▶ [Instructions for the task]:
Would you repeat the listing exactly, without any of its images?

▶ [Given data]:
# # # #
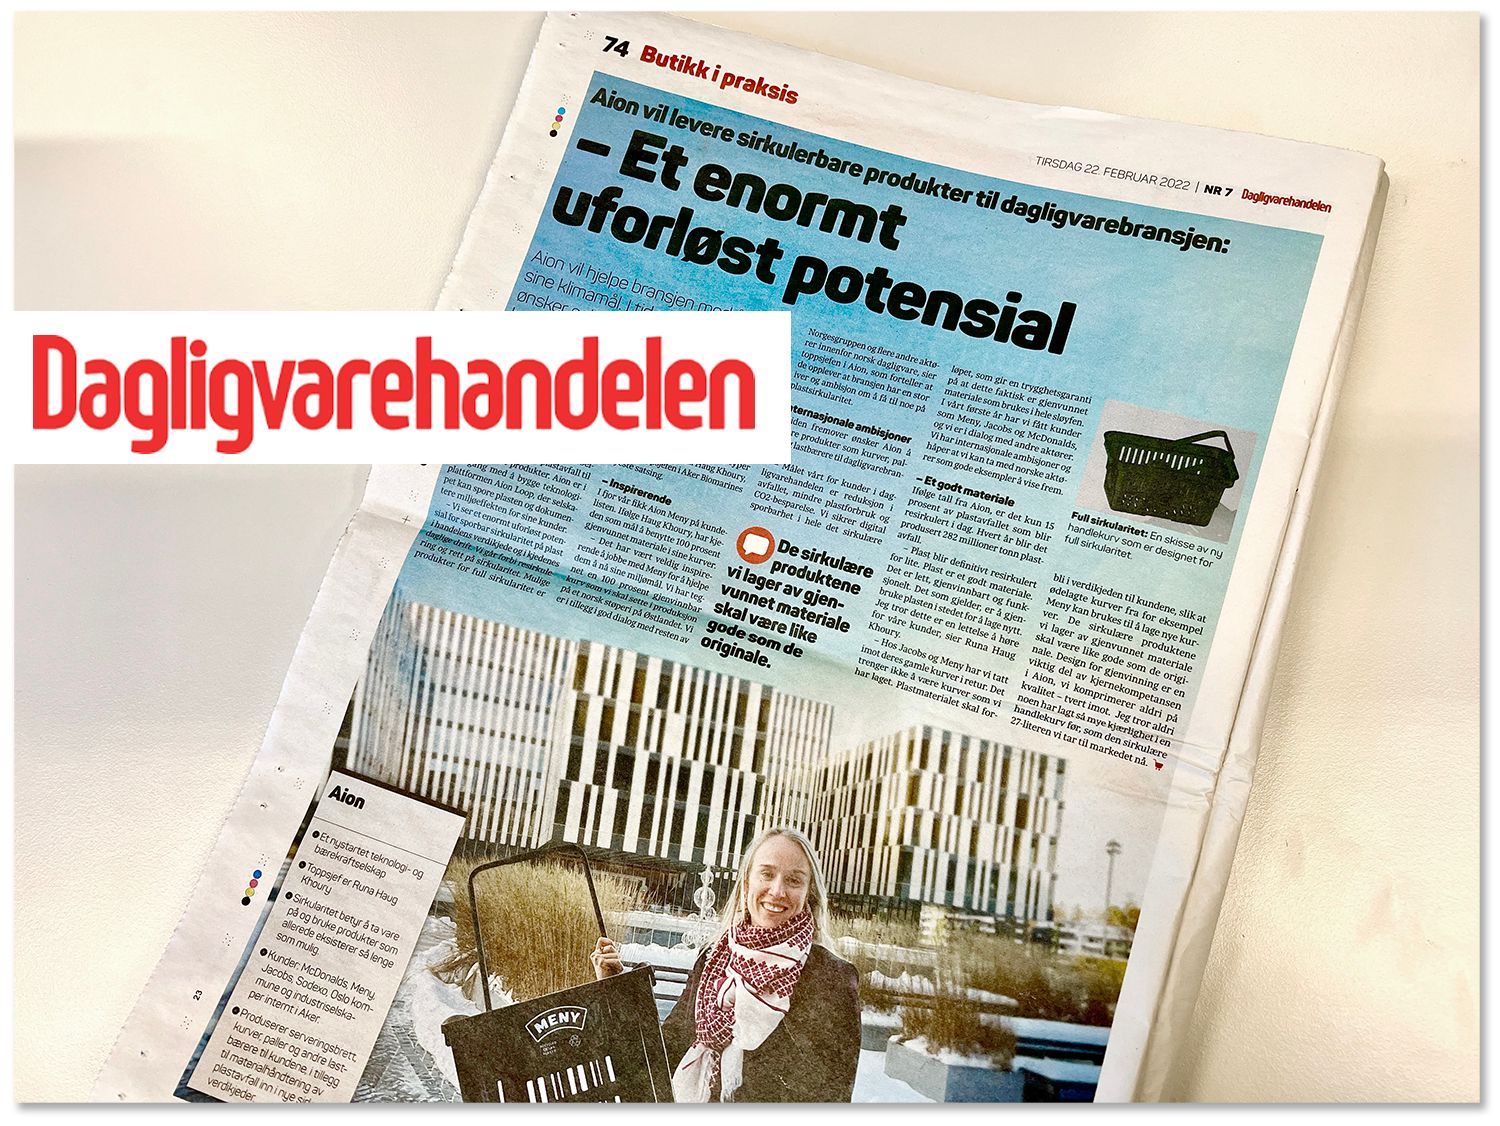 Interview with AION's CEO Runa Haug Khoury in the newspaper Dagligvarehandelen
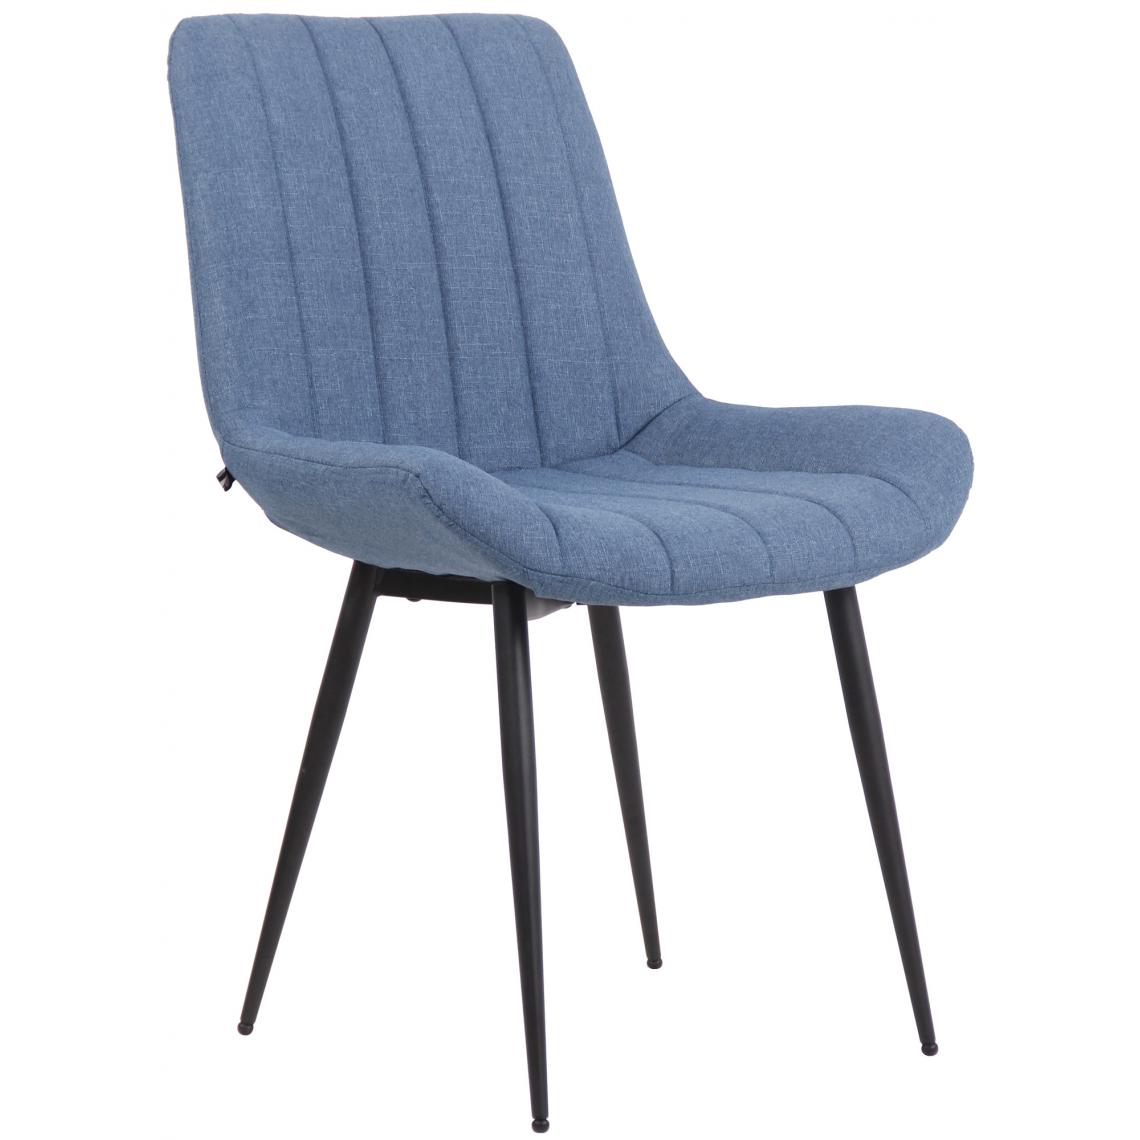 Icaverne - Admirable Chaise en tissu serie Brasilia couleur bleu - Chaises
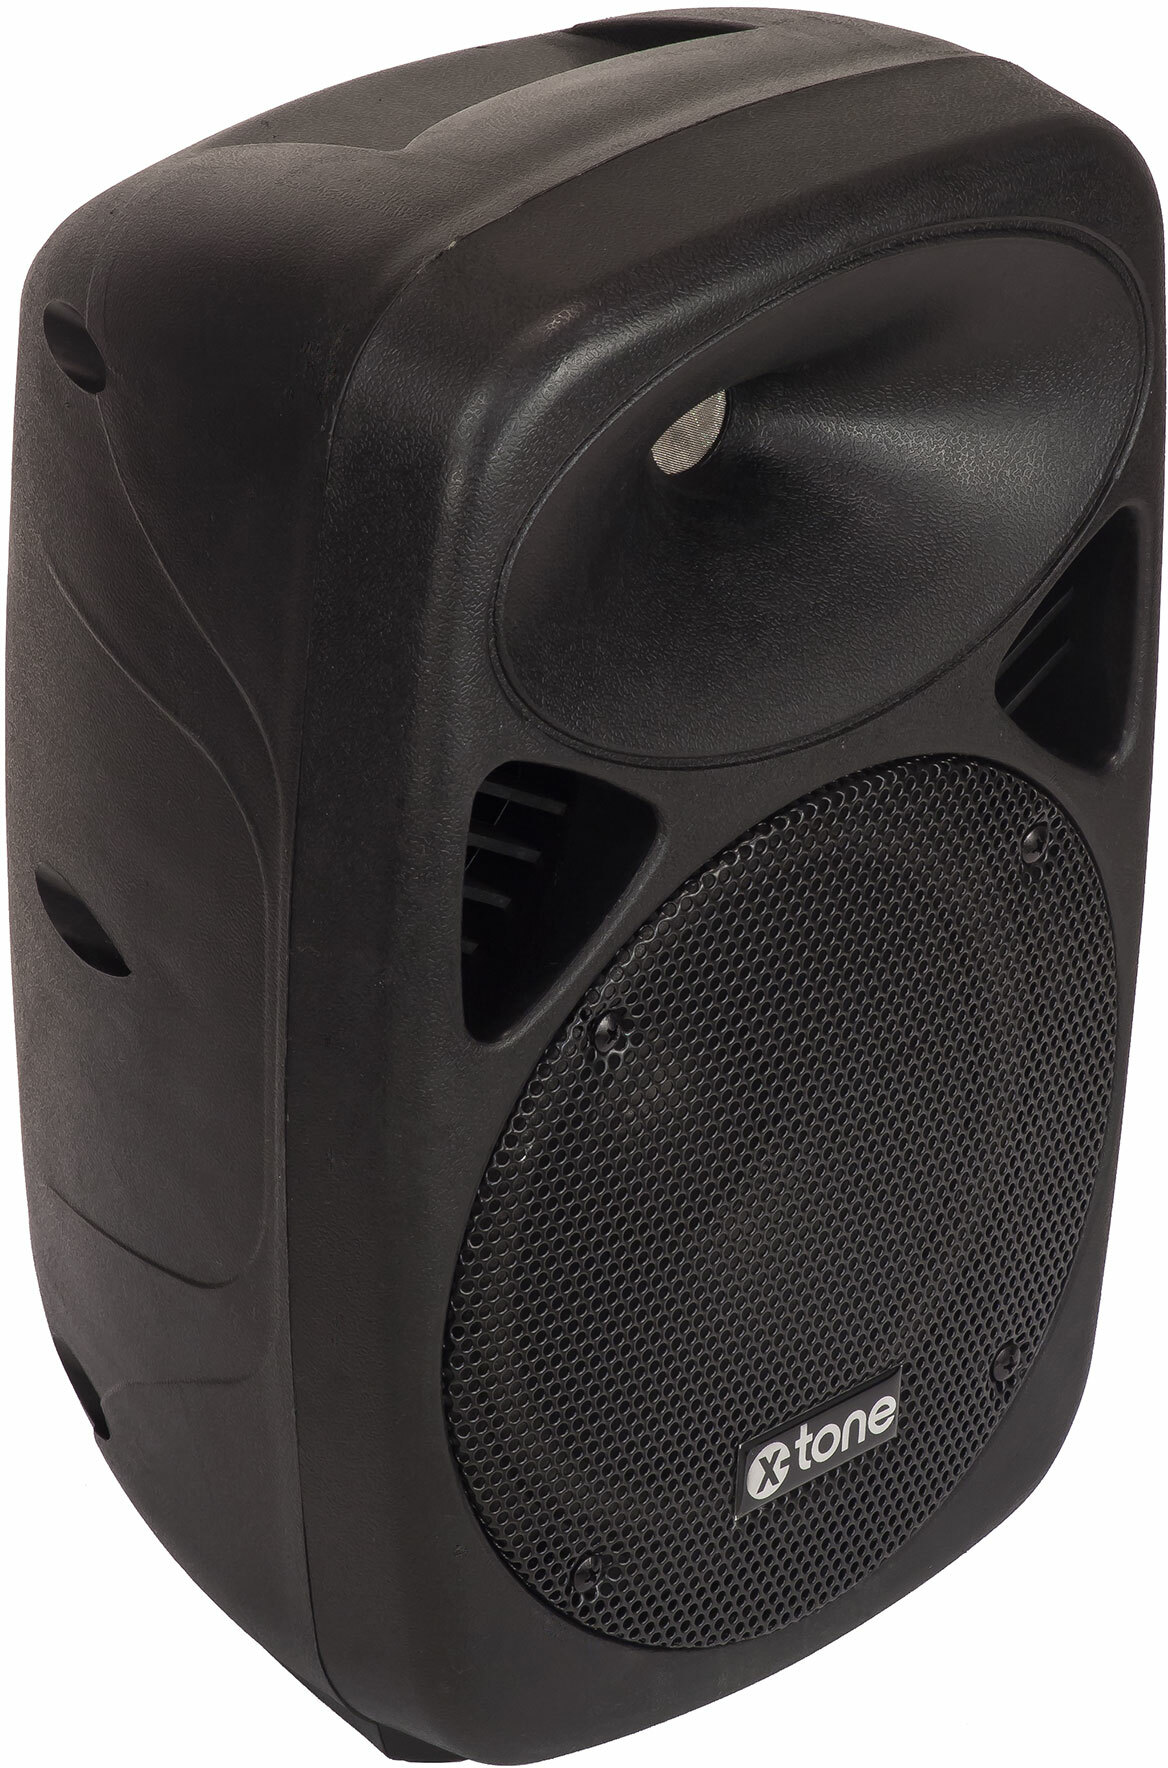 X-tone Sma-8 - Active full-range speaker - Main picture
# # # #
▶ [Answer box]:
 Interview with AION's CEO Runa Haug Khoury in the newspaper Dagligvarehandelen
 Icaverne - Admirable Chaise en tissu serie Brasilia couleur bleu - Chaises
 X-tone Sma-8 - Active full-range speaker - Main picture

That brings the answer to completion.